PROMPT.
Make an exact copy of the whole listing, but leave its pictures out.

---- DATA SHOWN

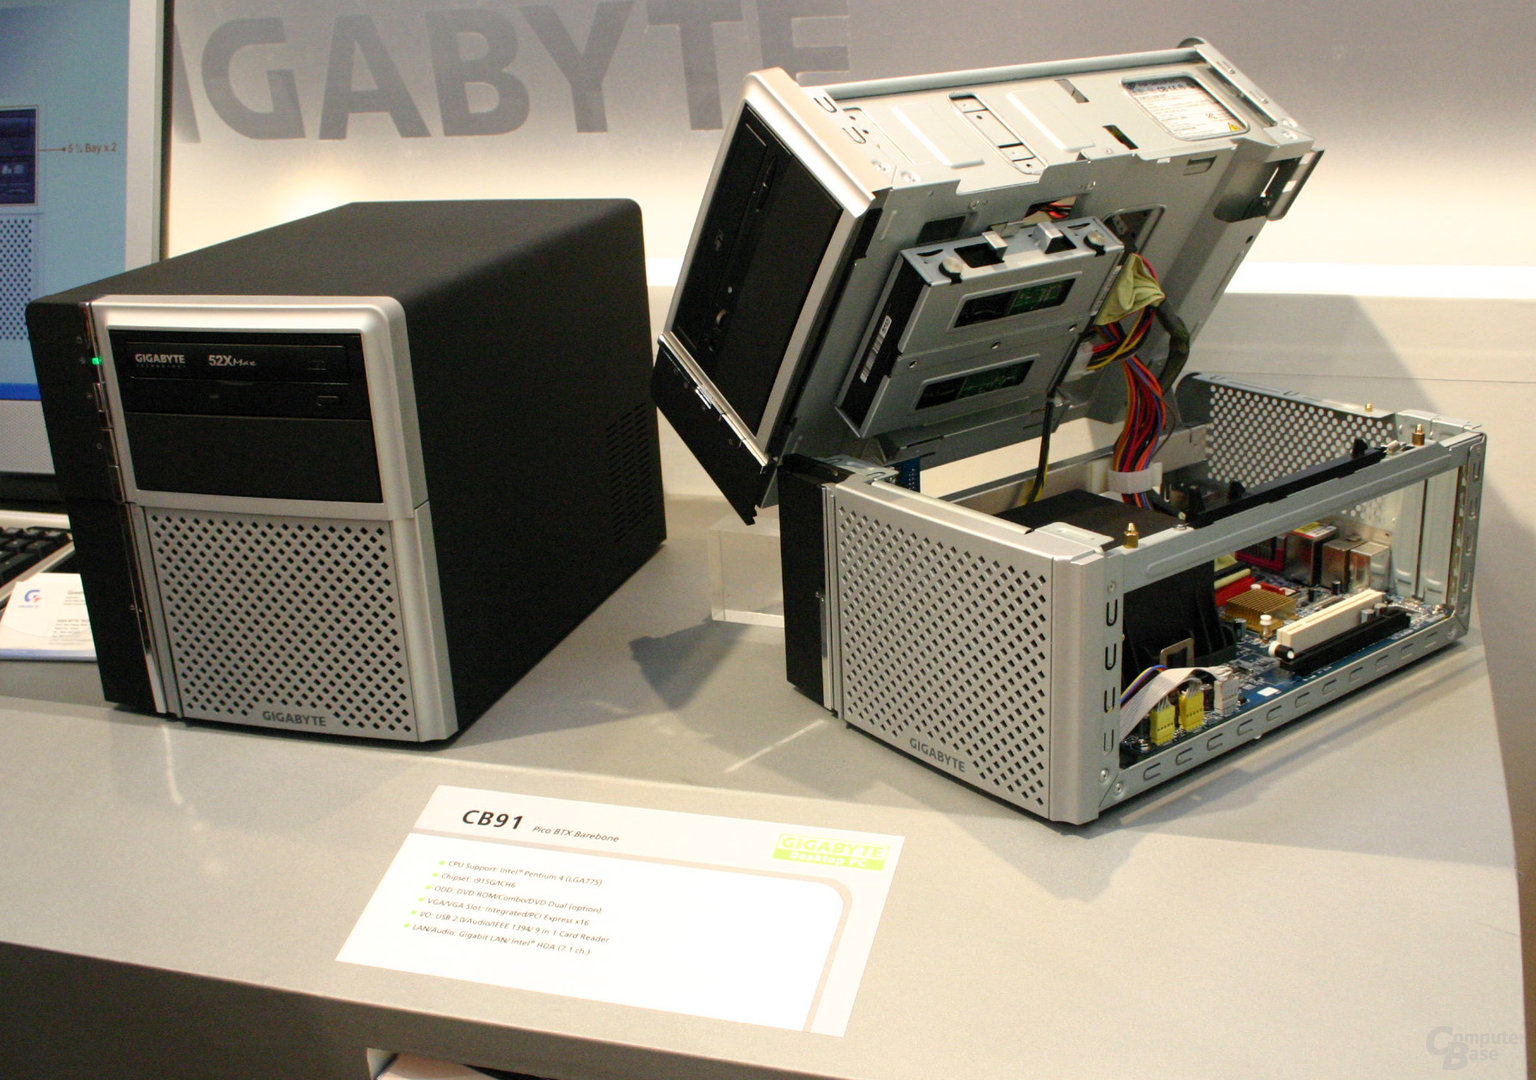 Gigabytes BTX-Barebone CB91
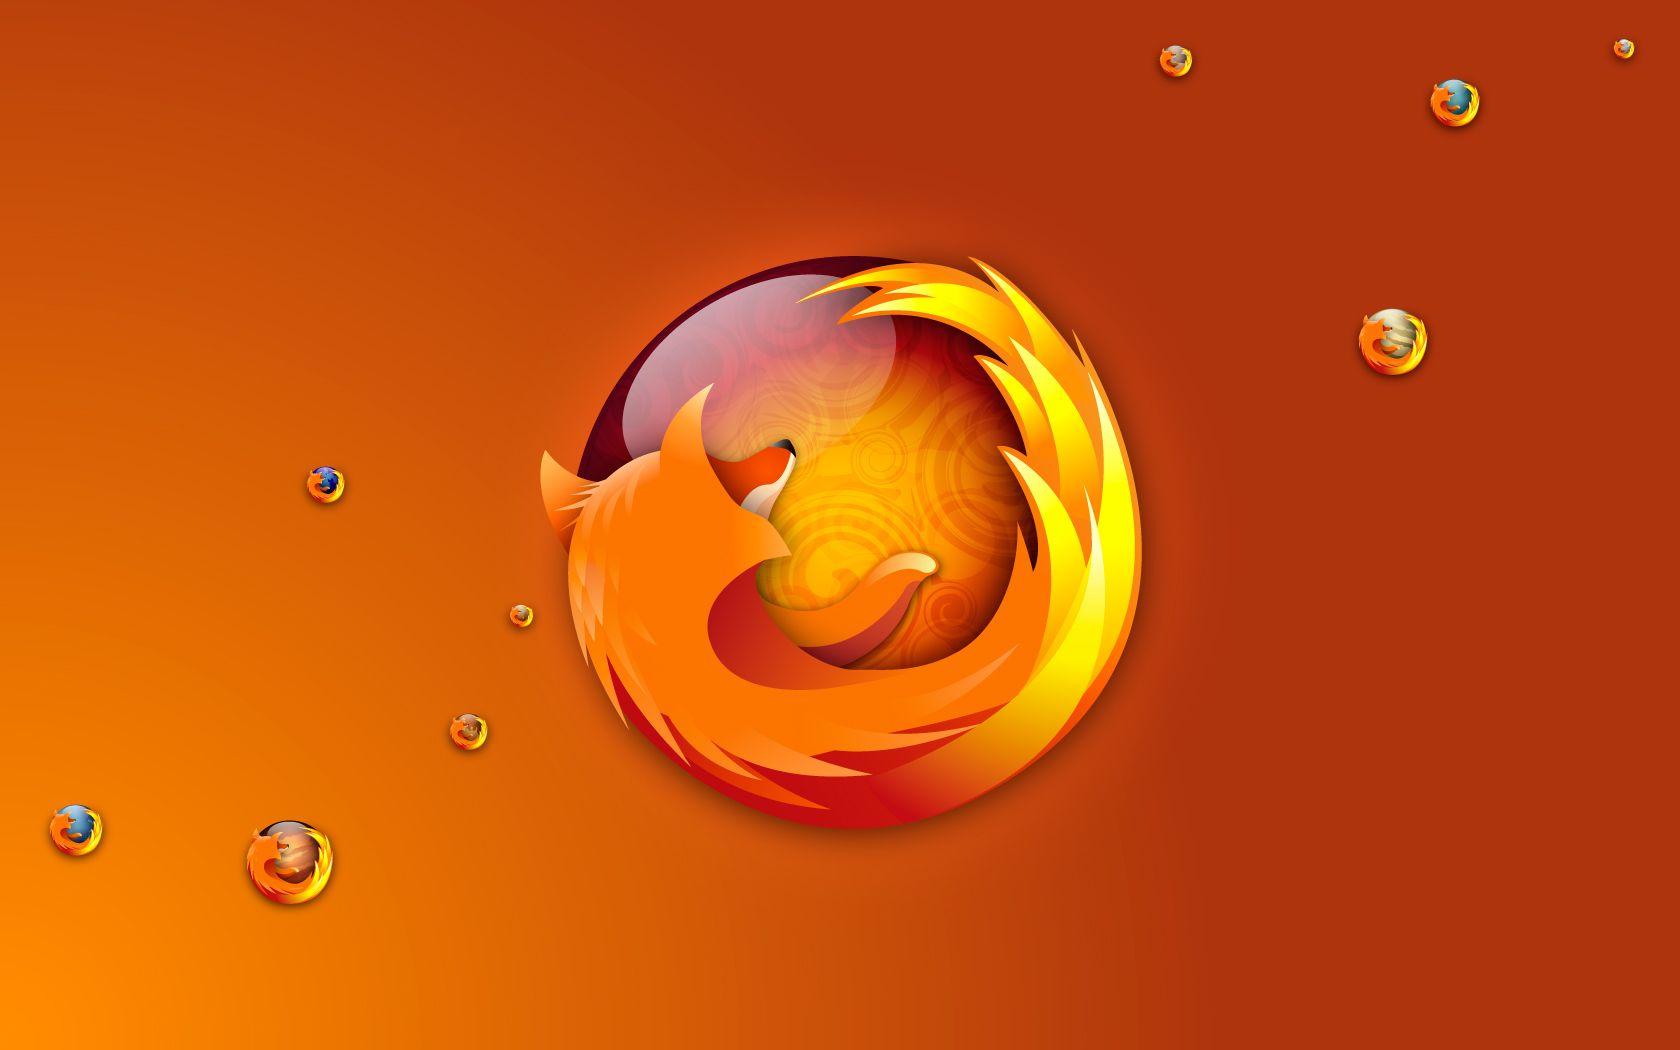 mozilla firefox desktop wallpaper
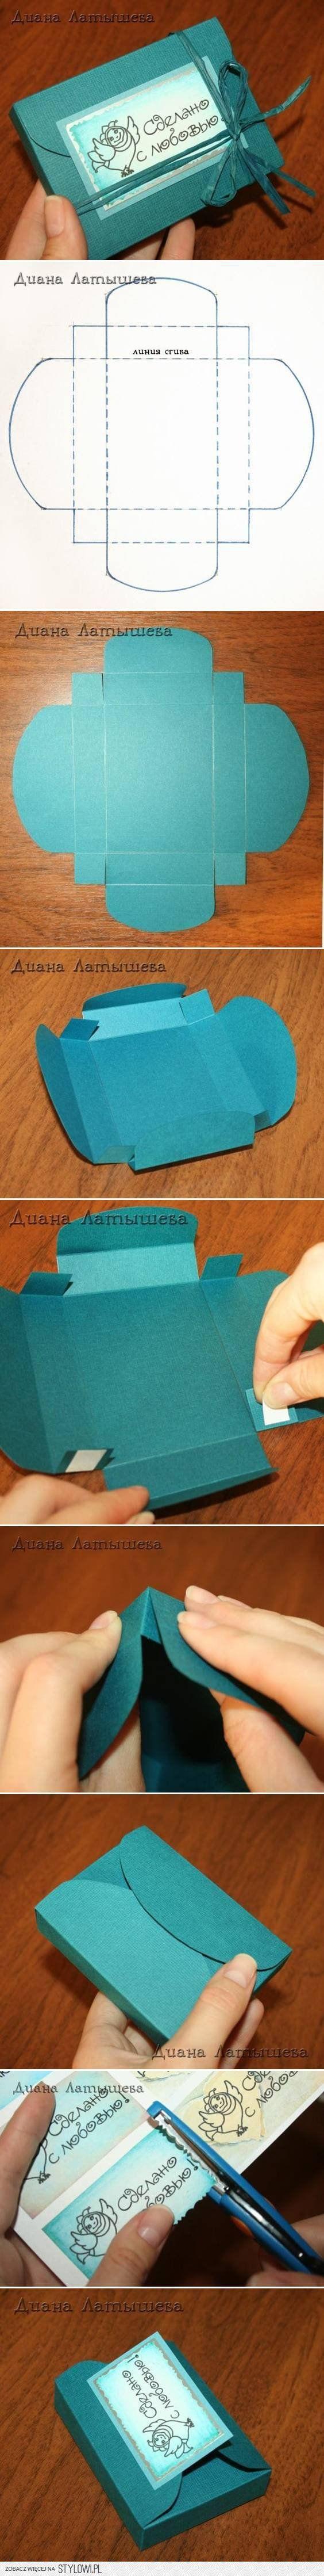 DIY Fancy Gift Box DIY Projects | UsefulDIY.com na Stylowi.pl
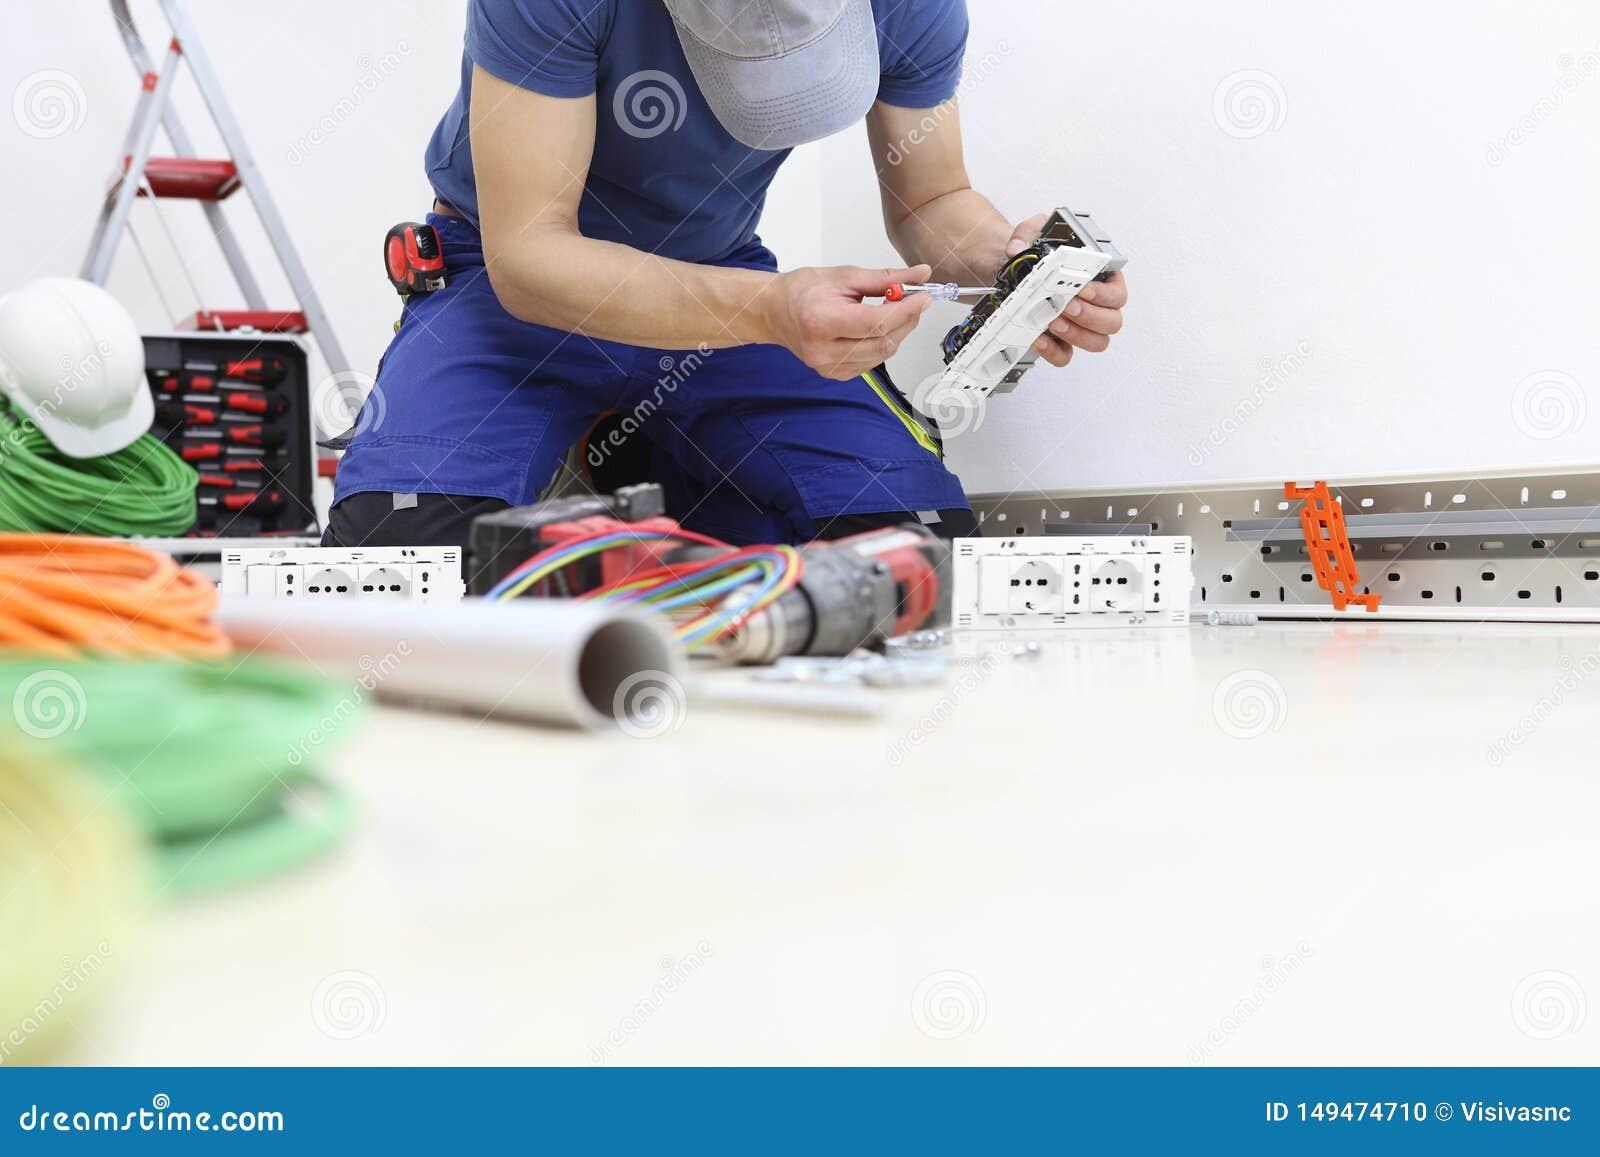 Электрик на работе с отверткой в руке соединяет кабели с гнездом для электрической проводки

--------

WRITTEN RESPONSE.
 Gigabytes BTX-Barebone CB91
 mozilla firefox desktop wallpaper
 DIY Fancy Gift Box DIY Projects | UsefulDIY.com na Stylowi.pl
 Электрик на работе с отверткой в руке соединяет кабели с гнездом для электрической проводки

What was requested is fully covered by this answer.